The overall aim of the proposed research is to determine the mechanisms of adenosine A1 receptor modulation of signal transduction in normal and ischemic ventricular myocardium. Although the adenosine A1 receptor is a typical G protein coupled receptor (GPCR), it appears to differ from other GPCR in that it exerts no direct effects in ventricular myocardium. There is significant evidence that GPCR, heterotrimeric GTP binding (G) proteins, and associated second messengers, such as adenylyl cyclase and protein kinase C (PKC) isoforms, are enriched in discrete intracellular compartments, including cholesterol-enriched, flask-shaped invaginations of the plasma membrane, referred to as caveolae. Based on the applicant's preliminary data, that ventricular myocyte adenosine A1 receptors are enriched in caveolae, it is hypothesized that A1 receptor-mediated signaling in normal and ischemic myocardium is regulated by subcellular compartmentation.
Specific Aim 1 will determine the effects of receptor agonists and endogenous adenosine on the subcellular localization of adenosine A1 receptors and associated G proteins in normal and ischemic myocytes.
Specific Aim 2 will test the hypothesis that the adenosine A1 receptor anti-adrenergic effect is co-localized with the components of the B-adrenergic receptor second messenger system.
Specific Aim 3 will determine whether adenosme A1 receptor activation modulates the activation of localized PKC isoforms or serine-threonine protein phosphatases in normal and ischemic myocytes.

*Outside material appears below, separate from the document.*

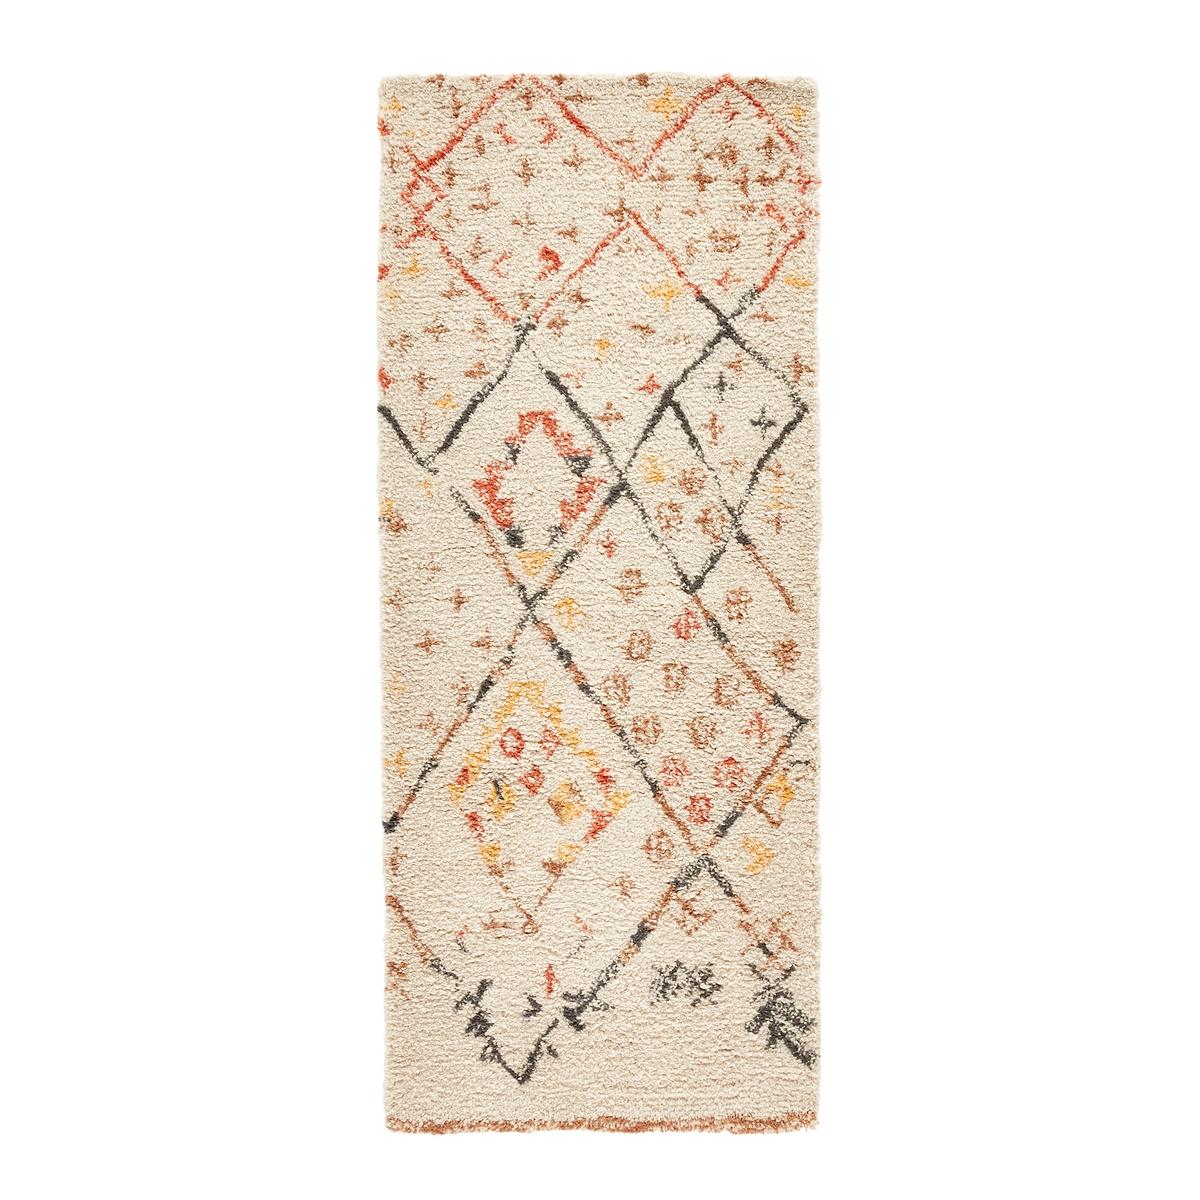 Ковровая La Redoute Дорожка для коридора в берберском стиле из шерсти Ashwin 80 x 200 см бежевый ковер la redoute в берберском стиле из шерсти tekouma 120 x 180 см бежевый

Studies will be conducted in adult rat isolated ventricular myocytes under normoxic and simulated ischemia conditions. The role of subcellular compartmentalization of adenosine A1 receptor signaling will be determined by subcellular fractionation of cell lysates. Subcellular compartmentation of adenosine A1 and B-adrenergic receptors, G protein subunits, PKC isoforms, and protein phosphatases, assessed with immunoblotting, immunoprecipitation, and immunofluorescence will be correlated with adenosine A1 receptor modulation of excitation-contraction coupling studied by measuring myocyte twitch amplitude, intracellular calcium, total and particulate cAMP levels, and cytosolic and particulate protein phosphatase activities. Adenosine A1 receptor modulation of PKC isoform translocation and protein phosphatases will be correlated with protection against cell death during simulated ischemia-reperfusion. There is substantial evidence that adenosine has numerous beneficial effects in ischemic-reperfused ventricular myocardium, but there is little information available regarding mechanism of action. The proposed studies will provide a better understanding of GPCR regulation of signal transduction in normal and ischemic cardiac myocytes which may aid in the development of new treatment regimens for the ischemic heart.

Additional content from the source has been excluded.